DOVER, Del. – The National Aeronautical Space Agency (NASA) has awarded the University a
three-year $899,000 grant to contribute its engineering and optics expertise to the future Lunar
Land Rover Mission that will take place on the moon.
Dr. Mohammed Amir Khan, Professor and Director of the Engineer Physics Program, and Dr.
Yuri Markushin, Associate Professor, are the Principal Investigator and Co-PI, respectively, of
the DSU project.
The two researchers will design and develop infrared sensing and laser technology for
installation on the Lunar Land Rover that will enable the detection and correlation of water
isotopes with the characteristics of the elemental composition of lunar rocks and dust.
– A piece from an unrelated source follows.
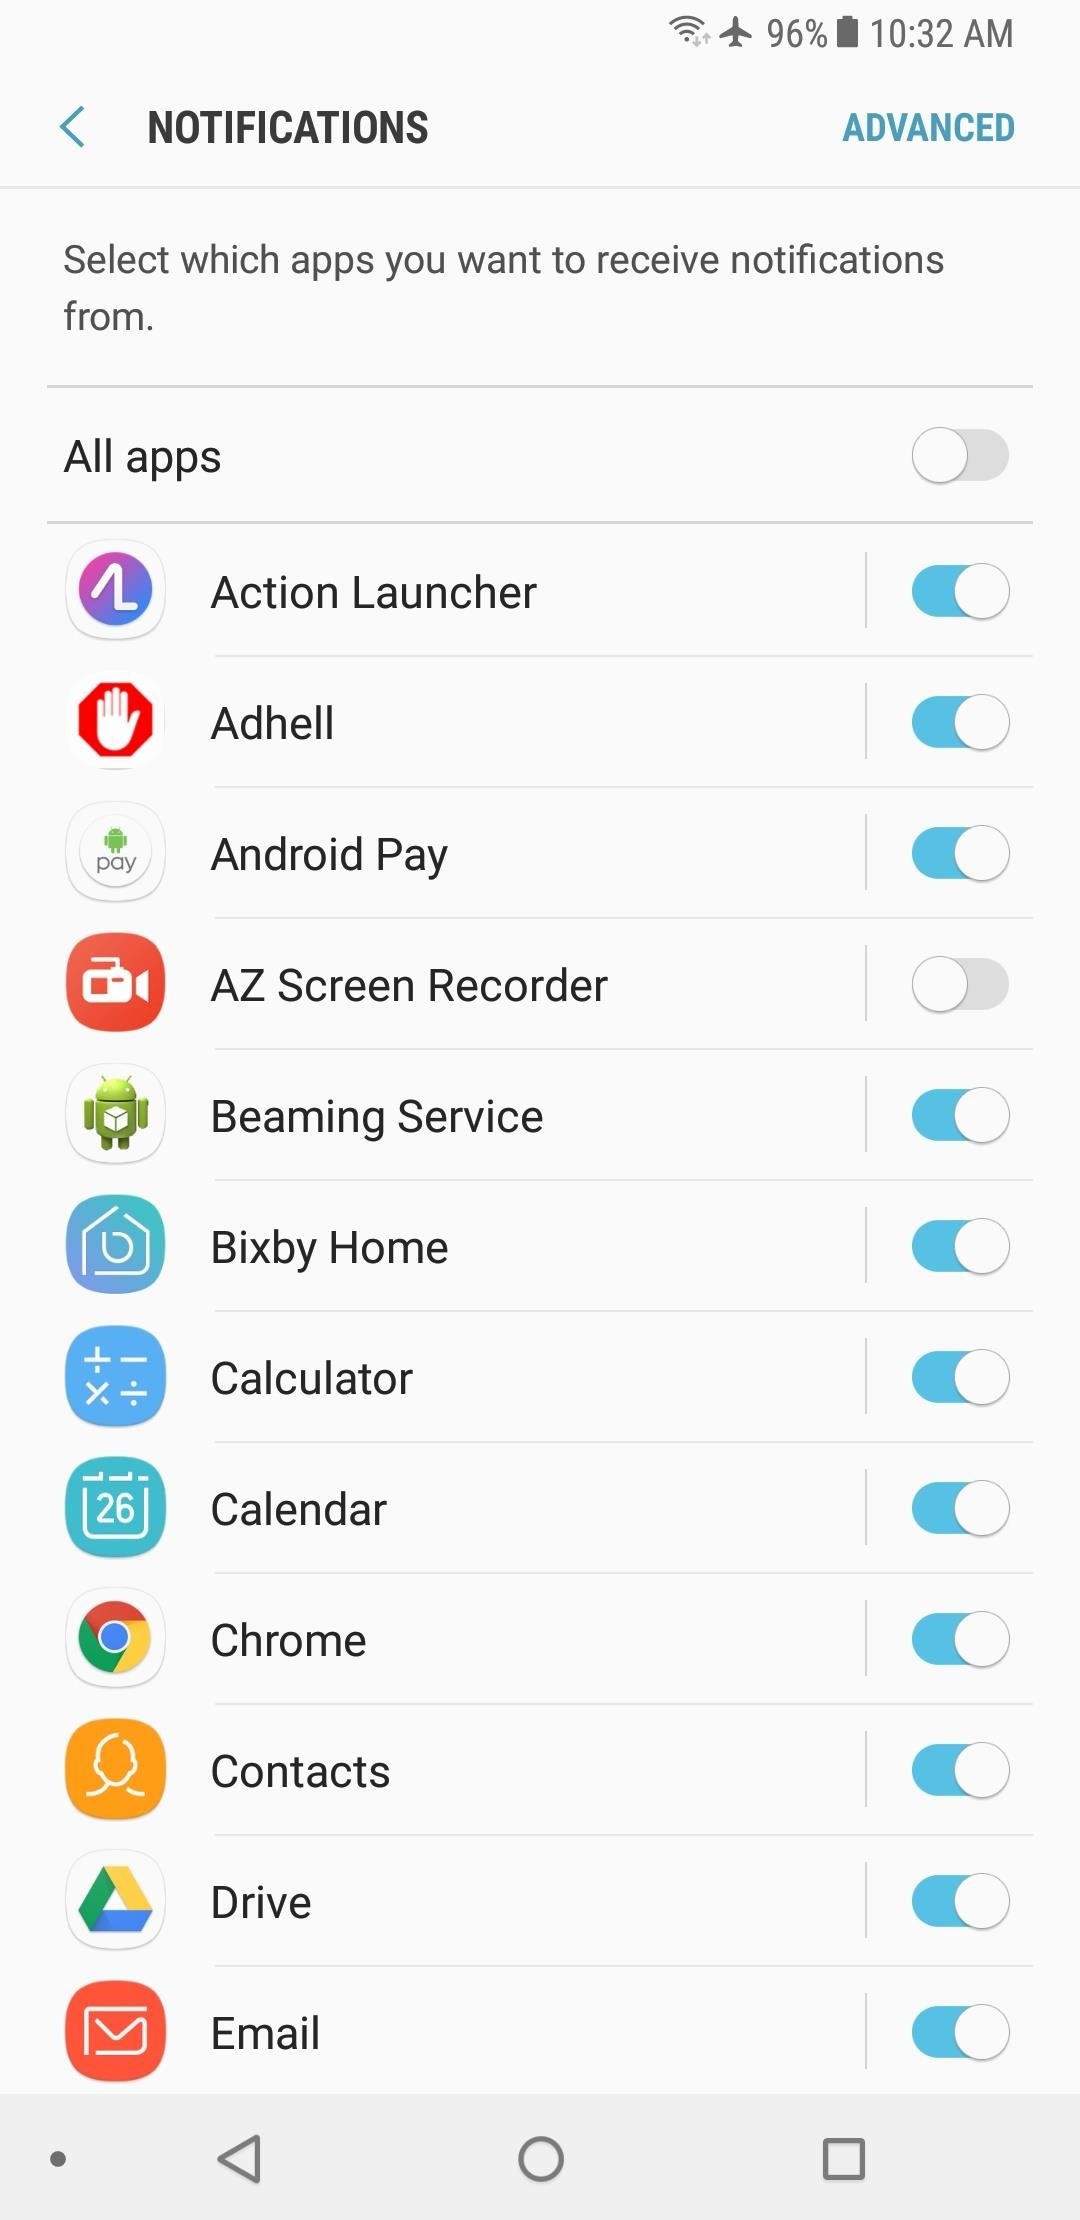 Everything You Need to Disable on Your Galaxy S8 or S8+ for Privacy & Security

“We are collaborating with the Goddard Space Center on this project,” Dr. Khan said. “NASA
wants to use the Moon to see how humans can live outside of the earth’s environment. The
detection of water isotopes is an important factor in that question.”
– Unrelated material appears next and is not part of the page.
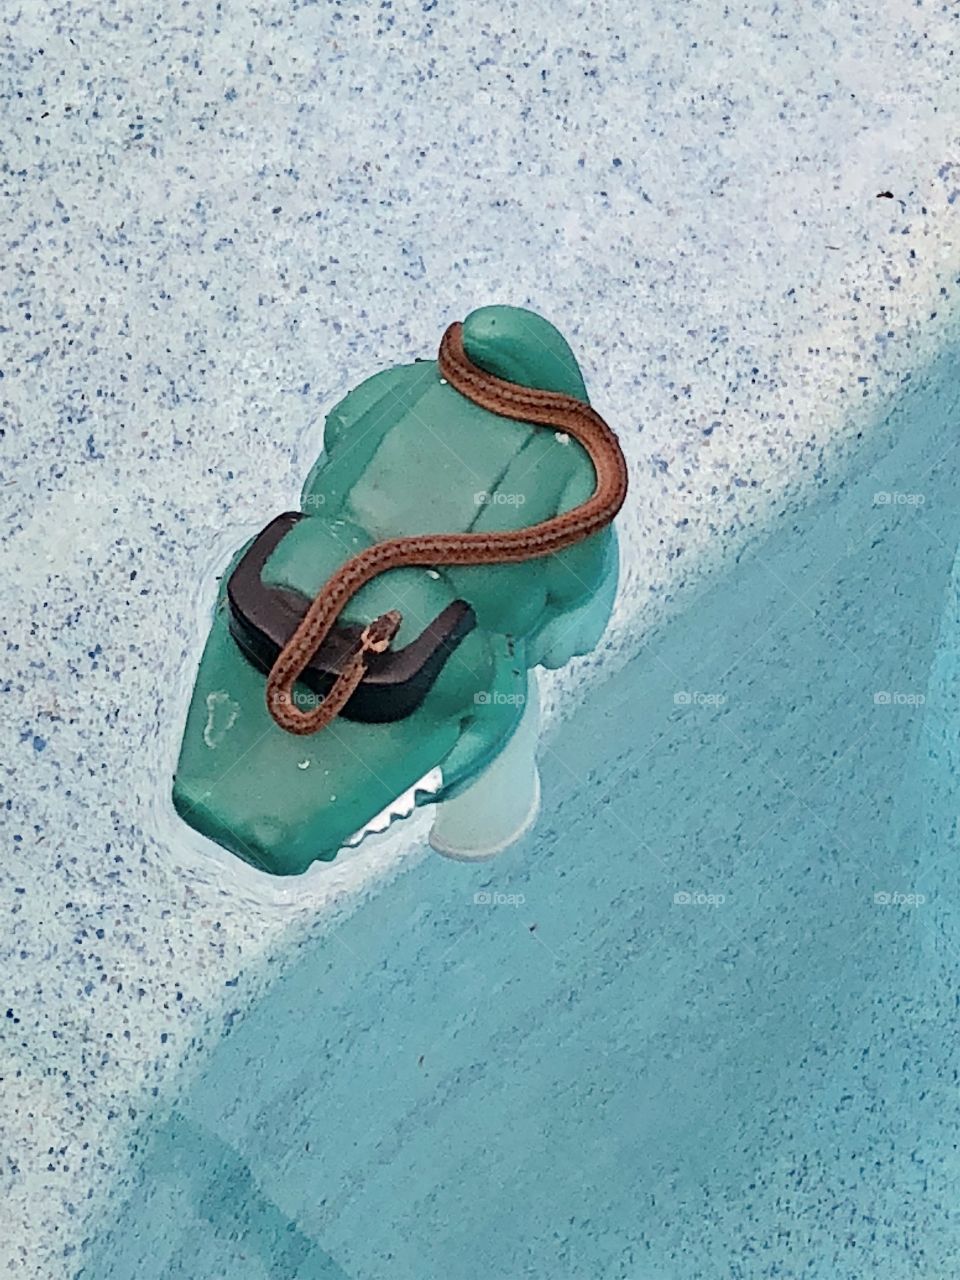 Baby snake on pool floating thermometer

Dr. Khan added that DSU science students will be engaged in the different parts of the project,
including assisting in the design of the opto-mechanics and electronics of the experiments with
the laser prototype.
The grant to DSU is part of $14 million that NASA is investing inU.S. colleges and universities
to grow their STEM capacity to participate in critical spaceflight research and prepare a new
generation of diverse students for careers in the nation’s science, technology, engineering, and
math workforce.
It is not DSU’s first ride in the space rodeo.
For several years, Dr. Noureddine Melikechi, a former DSU Professor of Physics, and Alissa
Mezzacappa, then a second-year optics Ph.D. student (now Dr., Class of 2015) played a critical
role in the development of the ChemCam technology used on NASA’s Curiosity Rover landed
on Mars in 2012 and explored that planet’s surface.